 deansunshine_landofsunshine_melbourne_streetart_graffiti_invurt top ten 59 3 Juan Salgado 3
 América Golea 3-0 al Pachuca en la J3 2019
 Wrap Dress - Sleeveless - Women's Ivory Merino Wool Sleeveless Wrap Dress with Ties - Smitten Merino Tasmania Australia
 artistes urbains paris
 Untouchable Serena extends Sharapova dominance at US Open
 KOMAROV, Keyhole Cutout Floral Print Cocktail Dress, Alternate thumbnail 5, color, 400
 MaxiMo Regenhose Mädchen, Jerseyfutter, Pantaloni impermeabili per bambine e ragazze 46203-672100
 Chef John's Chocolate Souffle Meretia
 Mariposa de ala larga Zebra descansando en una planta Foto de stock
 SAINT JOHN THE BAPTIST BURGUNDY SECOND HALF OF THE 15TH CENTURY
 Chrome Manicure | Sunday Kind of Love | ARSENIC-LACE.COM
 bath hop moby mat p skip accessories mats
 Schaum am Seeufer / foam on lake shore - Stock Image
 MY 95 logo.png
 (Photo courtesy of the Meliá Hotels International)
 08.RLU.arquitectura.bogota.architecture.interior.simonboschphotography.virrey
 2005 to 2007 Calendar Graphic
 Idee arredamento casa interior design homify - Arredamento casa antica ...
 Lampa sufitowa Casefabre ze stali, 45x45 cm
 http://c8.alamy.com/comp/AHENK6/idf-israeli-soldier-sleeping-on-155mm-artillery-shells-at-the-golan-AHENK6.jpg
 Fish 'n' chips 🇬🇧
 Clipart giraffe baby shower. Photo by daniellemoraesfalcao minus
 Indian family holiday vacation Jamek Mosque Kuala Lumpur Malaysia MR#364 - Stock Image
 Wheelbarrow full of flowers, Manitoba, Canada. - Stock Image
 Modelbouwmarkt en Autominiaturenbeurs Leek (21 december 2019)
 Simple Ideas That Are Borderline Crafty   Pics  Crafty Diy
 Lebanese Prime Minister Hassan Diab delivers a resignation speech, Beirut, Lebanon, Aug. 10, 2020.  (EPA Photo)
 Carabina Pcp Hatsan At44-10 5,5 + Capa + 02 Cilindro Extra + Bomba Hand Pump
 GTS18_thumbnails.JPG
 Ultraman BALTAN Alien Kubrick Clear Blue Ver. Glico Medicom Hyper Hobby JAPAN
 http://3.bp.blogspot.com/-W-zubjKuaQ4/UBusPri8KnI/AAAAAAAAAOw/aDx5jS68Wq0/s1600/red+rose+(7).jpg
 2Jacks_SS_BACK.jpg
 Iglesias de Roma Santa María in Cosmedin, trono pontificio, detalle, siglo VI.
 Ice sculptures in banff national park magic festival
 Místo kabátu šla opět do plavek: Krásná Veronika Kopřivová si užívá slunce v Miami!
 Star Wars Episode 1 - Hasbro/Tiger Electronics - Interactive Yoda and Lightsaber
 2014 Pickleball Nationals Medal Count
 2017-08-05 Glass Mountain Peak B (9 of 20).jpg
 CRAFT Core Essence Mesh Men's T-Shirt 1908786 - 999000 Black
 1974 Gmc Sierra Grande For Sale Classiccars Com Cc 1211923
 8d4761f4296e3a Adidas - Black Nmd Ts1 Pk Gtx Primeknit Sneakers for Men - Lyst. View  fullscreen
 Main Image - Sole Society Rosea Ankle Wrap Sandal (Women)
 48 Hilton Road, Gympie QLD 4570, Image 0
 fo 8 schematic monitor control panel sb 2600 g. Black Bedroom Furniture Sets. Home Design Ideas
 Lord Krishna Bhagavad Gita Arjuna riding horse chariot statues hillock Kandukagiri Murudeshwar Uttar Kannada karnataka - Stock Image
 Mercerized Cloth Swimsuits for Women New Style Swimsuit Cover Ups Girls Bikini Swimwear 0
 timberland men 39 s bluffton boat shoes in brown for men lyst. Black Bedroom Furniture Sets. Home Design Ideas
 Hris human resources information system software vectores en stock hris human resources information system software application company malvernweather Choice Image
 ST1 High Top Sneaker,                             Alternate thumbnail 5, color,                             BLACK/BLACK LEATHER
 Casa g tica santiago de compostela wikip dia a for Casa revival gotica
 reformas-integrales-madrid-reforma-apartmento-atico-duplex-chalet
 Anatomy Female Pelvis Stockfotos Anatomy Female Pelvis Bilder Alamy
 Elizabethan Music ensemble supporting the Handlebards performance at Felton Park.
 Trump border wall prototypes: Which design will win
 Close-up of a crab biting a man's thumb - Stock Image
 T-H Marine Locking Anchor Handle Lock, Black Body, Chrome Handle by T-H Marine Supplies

**Exercise brief:**
Of all the entries above, output exactly the lines between the one holding "Wrap Dress - Sleeveless" and the one holding "Simple Ideas That", inclusive.

**Finished exercise:**
 Wrap Dress - Sleeveless - Women's Ivory Merino Wool Sleeveless Wrap Dress with Ties - Smitten Merino Tasmania Australia
 artistes urbains paris
 Untouchable Serena extends Sharapova dominance at US Open
 KOMAROV, Keyhole Cutout Floral Print Cocktail Dress, Alternate thumbnail 5, color, 400
 MaxiMo Regenhose Mädchen, Jerseyfutter, Pantaloni impermeabili per bambine e ragazze 46203-672100
 Chef John's Chocolate Souffle Meretia
 Mariposa de ala larga Zebra descansando en una planta Foto de stock
 SAINT JOHN THE BAPTIST BURGUNDY SECOND HALF OF THE 15TH CENTURY
 Chrome Manicure | Sunday Kind of Love | ARSENIC-LACE.COM
 bath hop moby mat p skip accessories mats
 Schaum am Seeufer / foam on lake shore - Stock Image
 MY 95 logo.png
 (Photo courtesy of the Meliá Hotels International)
 08.RLU.arquitectura.bogota.architecture.interior.simonboschphotography.virrey
 2005 to 2007 Calendar Graphic
 Idee arredamento casa interior design homify - Arredamento casa antica ...
 Lampa sufitowa Casefabre ze stali, 45x45 cm
 http://c8.alamy.com/comp/AHENK6/idf-israeli-soldier-sleeping-on-155mm-artillery-shells-at-the-golan-AHENK6.jpg
 Fish 'n' chips 🇬🇧
 Clipart giraffe baby shower. Photo by daniellemoraesfalcao minus
 Indian family holiday vacation Jamek Mosque Kuala Lumpur Malaysia MR#364 - Stock Image
 Wheelbarrow full of flowers, Manitoba, Canada. - Stock Image
 Modelbouwmarkt en Autominiaturenbeurs Leek (21 december 2019)
 Simple Ideas That Are Borderline Crafty   Pics  Crafty Diy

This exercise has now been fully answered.